How is NPC diagnosed?
If NPC is suspected clinically a skin biopsy is taken and grown in a sterile environment which takes about 6 weeks. When sufficient tissue is available it is stained with filipin which causes the lipid filled lysosomes to fluoresce in affected cells A second test to look at the rate of cholesterol esterification (how the cell processes the cholesterol) is also done. The whole process usually takes about 12 weeks. Meanwhile, a blood test to check for raised chitotriosidase levels may be done as this is raised in most (but not all) NPC patients.
Is there any treatment?
At present treatment is aimed at symptoms ie. Anticonvulsants for seizures. There is currently no treatment or cure for NPC.
Clinical trials are in progress to look at the effects of Miglustat, a medication that may slow down the progression of the disease (see Research).
In Summary - the symptoms of NPC
Symptoms vary with age of onset and may include:
- jaundice at (or shortly after) birth
- an enlarged spleen and/or liver (hepatosplenamegaly)
- difficulty with upward and downward eye movements (Vertical Supranuclear Gaze Palsy).
- unsteadiness of gait, clumsiness, problems in walking (ataxia)
- difficulty in posturing of limbs (dystonia)
- slurred, irregular speech (dysarthria)
- learning difficulties and progressive intellectual decline (Cognitive dysfunction - "dementia")
- sudden loss of muscle tone which may lead to falls (cataplexy)
- tremors accompanying movement and, in some cases, seizures
Type C is the most variable form of the disease.
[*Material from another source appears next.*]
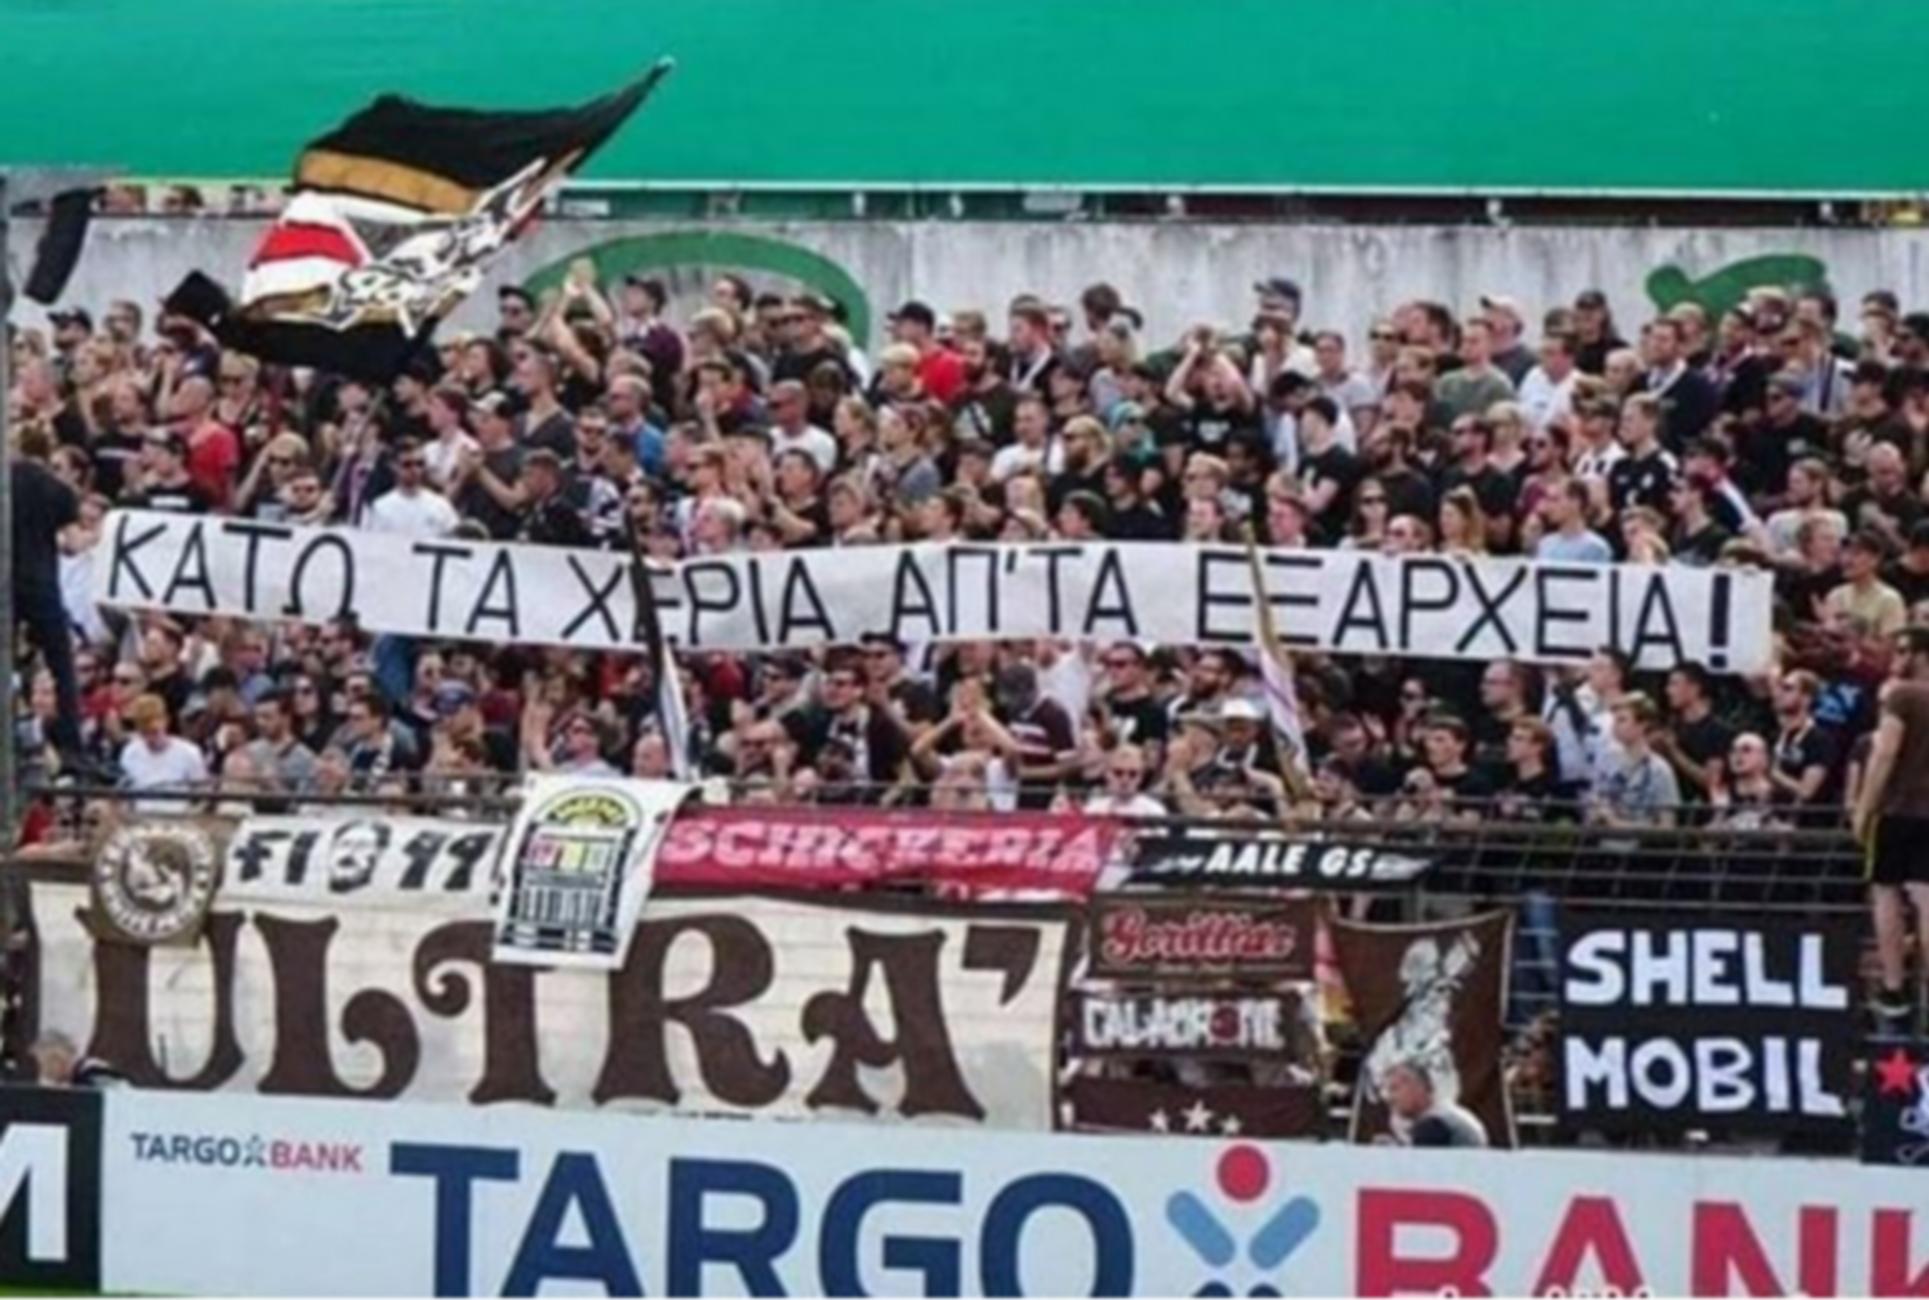 Πανό για τα Εξάρχεια σε γήπεδο της Γερμανίας! [pic]

Symptoms may appear and then disappear. Some symptoms may never appear. The rate of progression of the disease is different from person to person. The rate of progress for an individual will change over time.
Type C is often incorrectly diagnosed. Some of the common errors are:
- Attention Deficit Disorder (ADD)
- Learning Disability
- Delayed Development
Vertical Supranuclear Gaze Palsy (VSGP or VGP) is highly suggestive of Type C. VSGP is the inability to move the eyes up and down. Parents often notice this when their child walks up and down stairs, watches TV while sitting on the floor, or in similar situations - the child tilts their head to see instead of moving their eyes. Liver or spleen problems in the first few months after birth are also highly suggestive of Type C.